As I have outlined, Mr Stowe explained that the procedural route the application had taken with the initial filing of the SJ summons was intended to minimise the costs and that, if the applicants were unsuccessful in their application to, in effect, "transform" the SJ summons into a summons seeking leave to appeal, they would file such a document in Court. Indeed, after hearing Mr King's submissions and before I ruled on the amendment notice of motion, Mr Stowe sought in reply to file such a summons in court and proffered an undertaking from his instructing solicitor to pay the filing fee.
Insofar as the amendment notice of motion sought an order dispensing with the filing of the White Folder, Mr Stowe said that that dispensation was, again, costs driven and was only sought insofar as it was an obligation which had to be complied with at the time a summons seeking leave to appeal was filed. He emphasised that a White Folder was not necessary when the stay application was sought and that if the stay was refused and the applicants determined not to proceed with their application for the leave to appeal, the costs of preparing the White Folder would be wasted.
As to the substantive stay application, Mr Stowe submitted, that the applicants had good prospects of persuading the Court of Appeal to grant leave to appeal and of success on appeal because Sorby DCJ erroneous held that "case management as set out in the Act and Rules is concluded" when a case comes before a trial judge. He also submitted that a grant of leave would be warranted because his Honour erred in failing to take into account a number of relevant considerations including the respondents' failure to provide any explanation for the delay in their service of the 14 February affidavits, that prejudice to the applicants could not be adequately remedied by costs and, too, the fact that there had been no material change of circumstances since Truss DCJ's orders. He also contended that the proposed appeal related to questions of general public importance concerning the scope of the application of case management principles and whether they applied to the conduct of a final trial or were limited to introductory procedures and, too, to public policy principles which weighed against the re-agitation of interlocutory applications and in favour of the finality of the determination at an interlocutory level.

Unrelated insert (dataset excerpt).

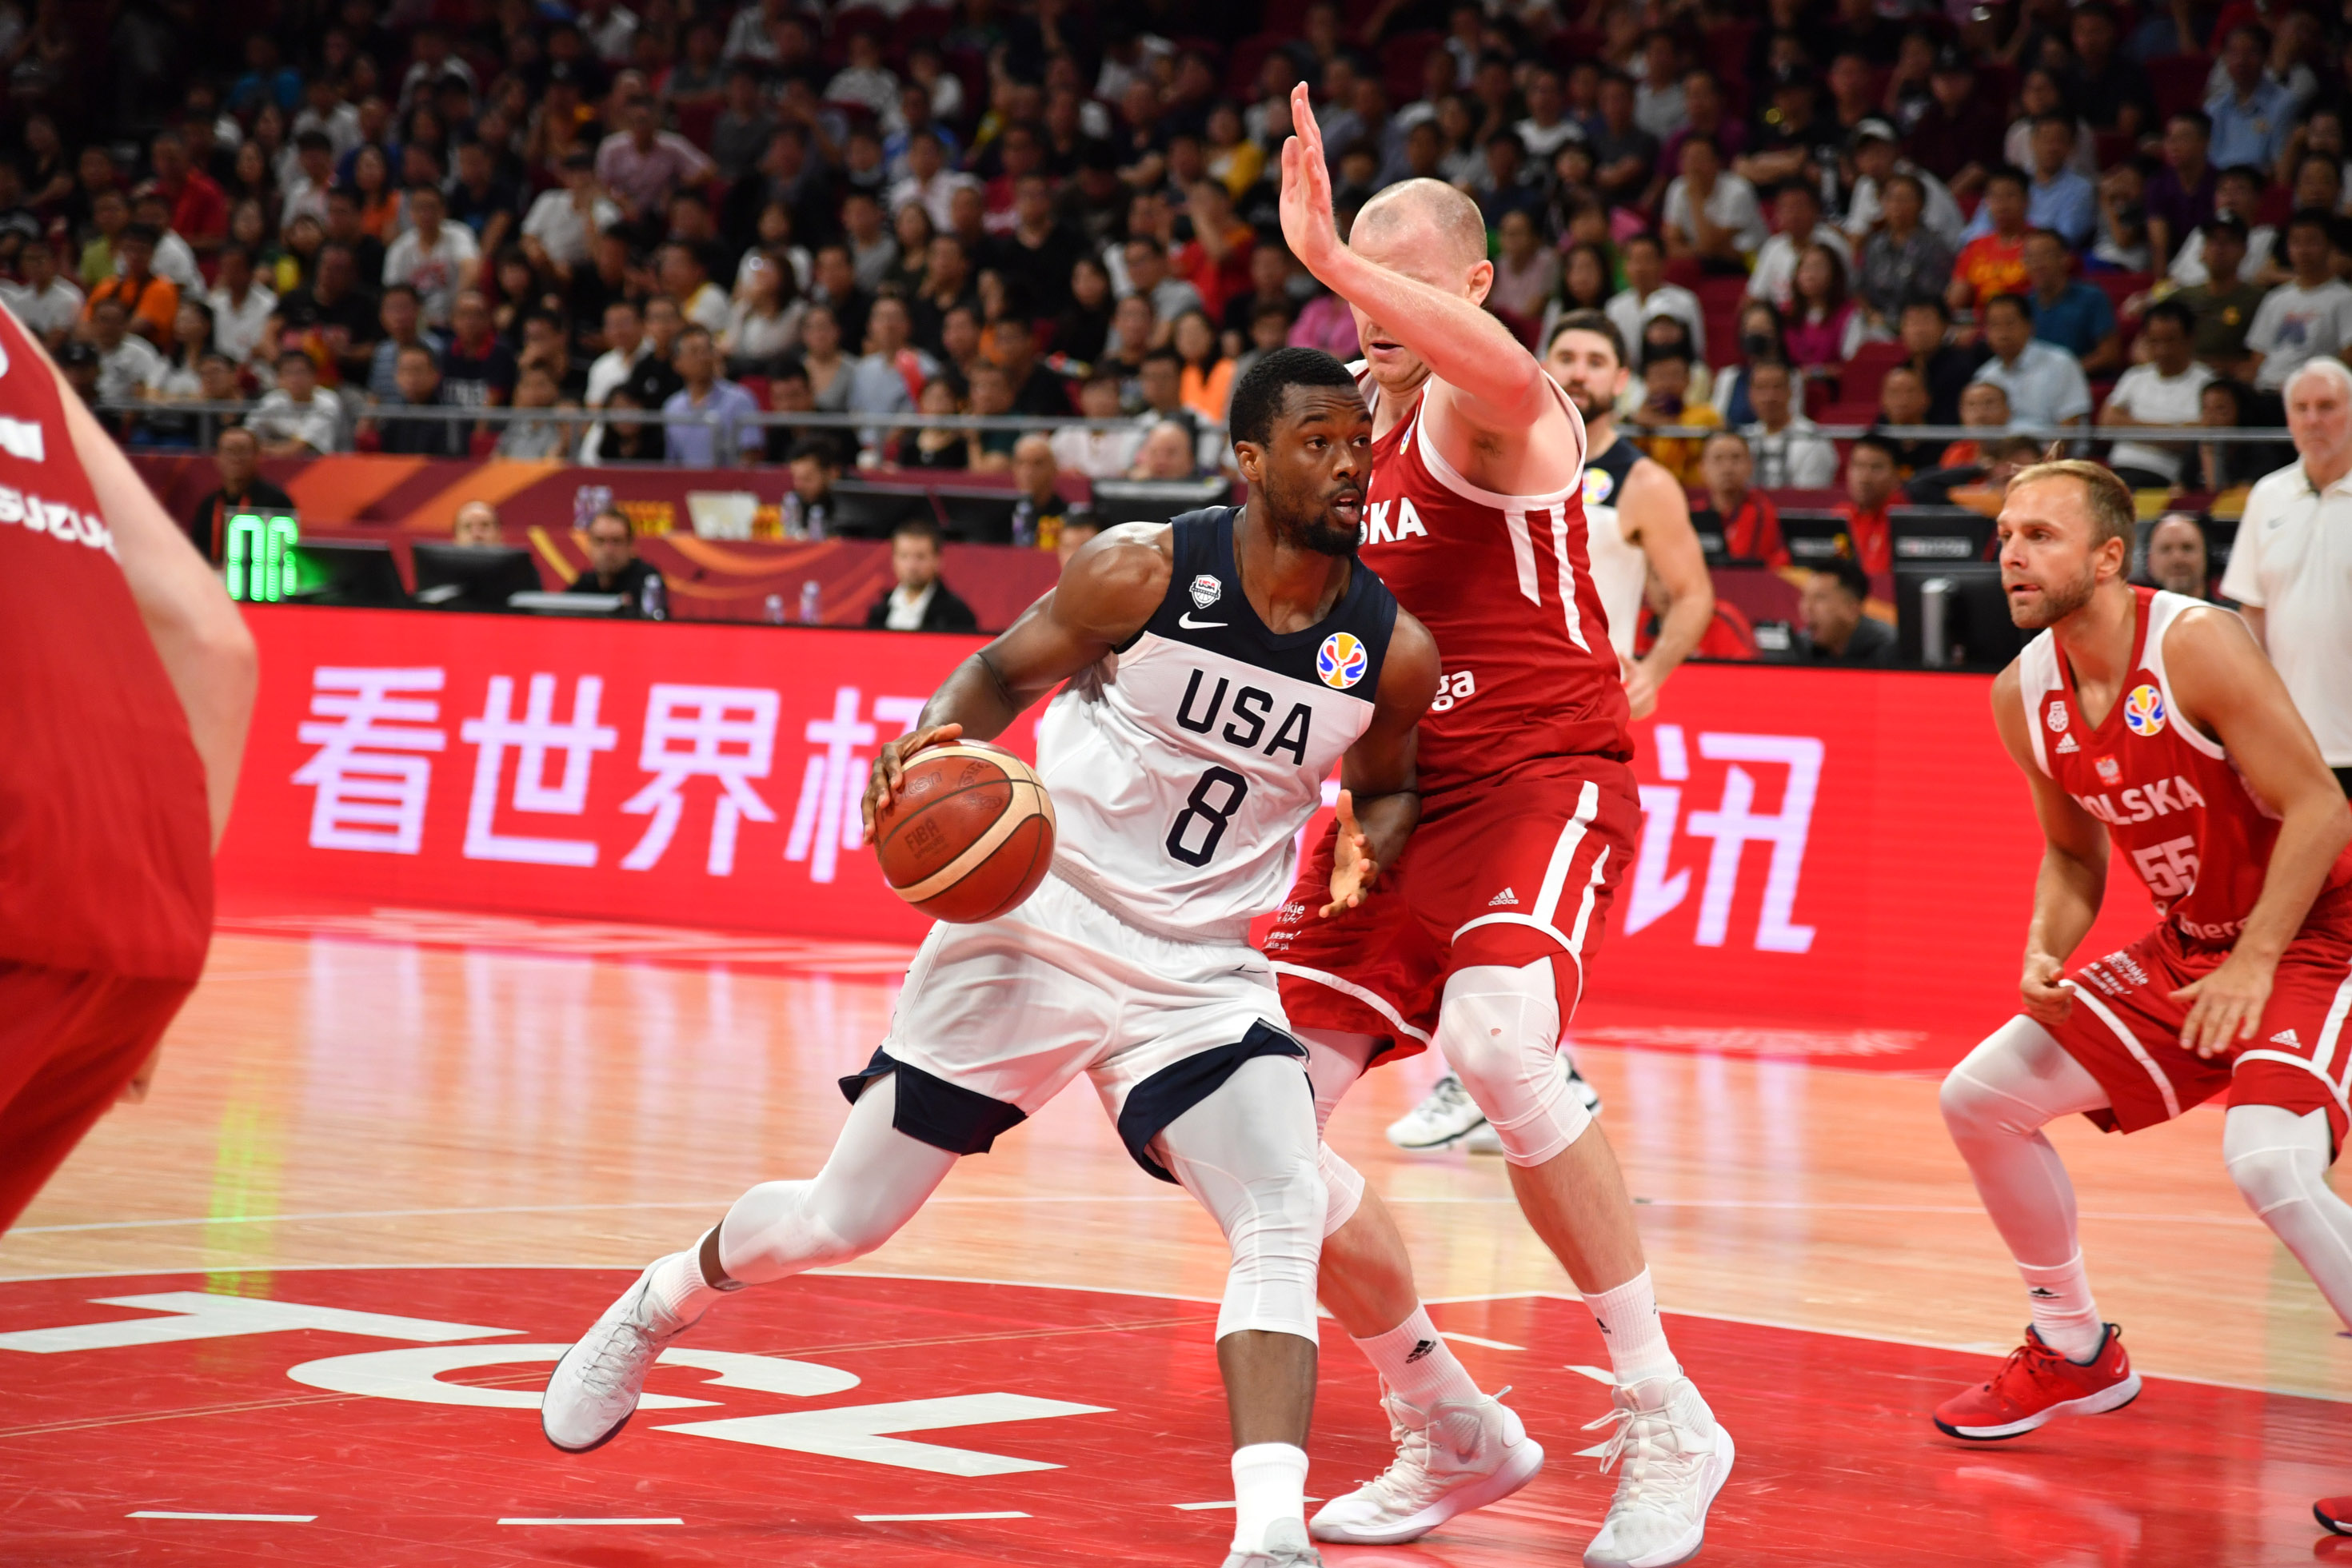 2019 FIBA World Cup: Classification 7-8: USA v Poland
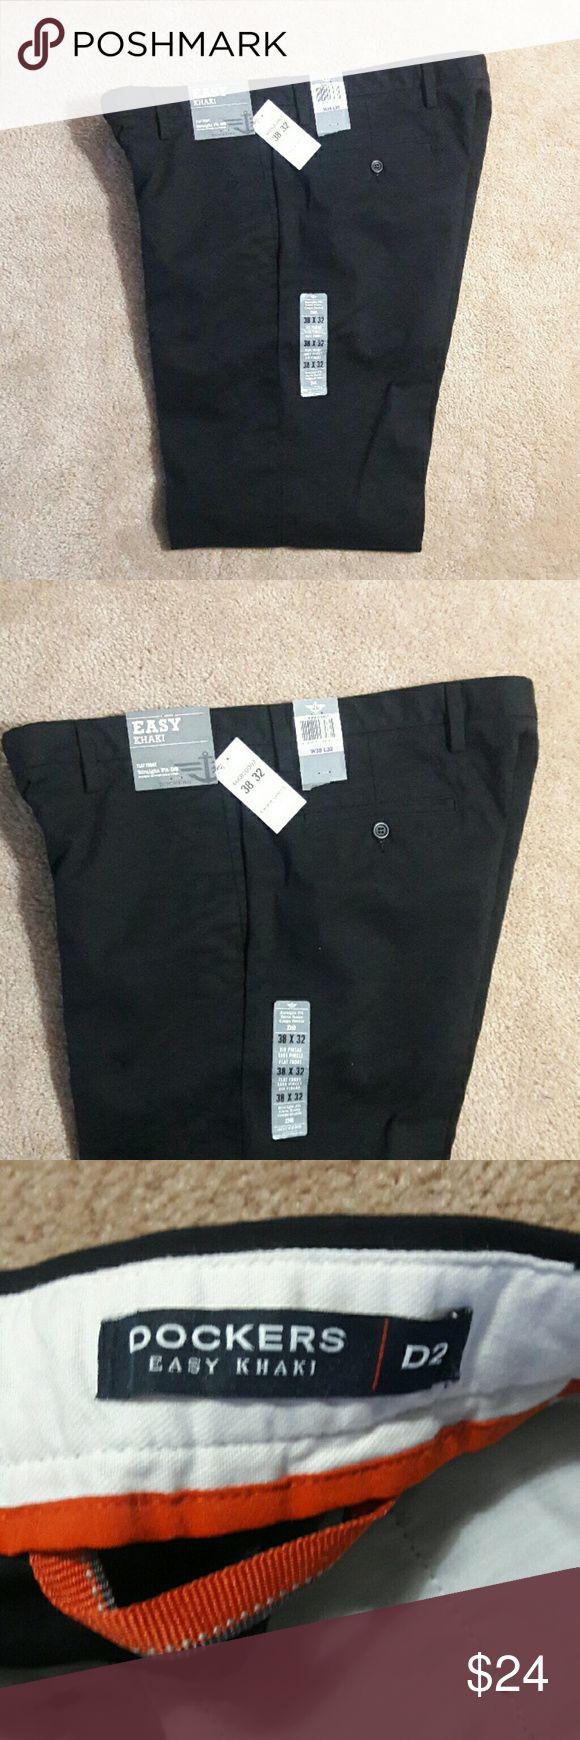 Dockers Easy Khaki D2 Mens Pant 38 X 32 Black Dockers Easy Khaki D2 Mens Pant   Size - 38 X 32   Color - Black  Straight Fit, Flat Front Dockers Pants Chinos & Khakis

Accordingly, Mr Stowe contended that it would be open to the Court to revoke the leave Sorby DCJ granted to the respondents to file further evidence.
As to the balance of convenience, Mr Stowe submitted that if a stay was not granted there was a significant risk the appeal would be stultified having regard to the applicants' financial inability both to prosecute the appeal and, at the same time, prepare further evidence for trial. Secondly, he argued that if the appeal did proceed without a stay there was a substantial risk that the parties might expend substantial legal costs in preparing for the trial which could be of five days or greater duration, all of which costs would be wasted if the applicants were ultimately likely to succeed on appeal.
Next, Mr Stowe submitted that there was no strong countervailing consideration weighing against a stay in the sense that there was no basis to infer that there was any particular urgency in the conduct of the trial below, nor that the conduct of the appeal would cause significant delays and that even if there was prejudice to the respondents arising from any delay such prejudice should not weigh significantly in the discretionary balance because the trial date was vacated because of their default.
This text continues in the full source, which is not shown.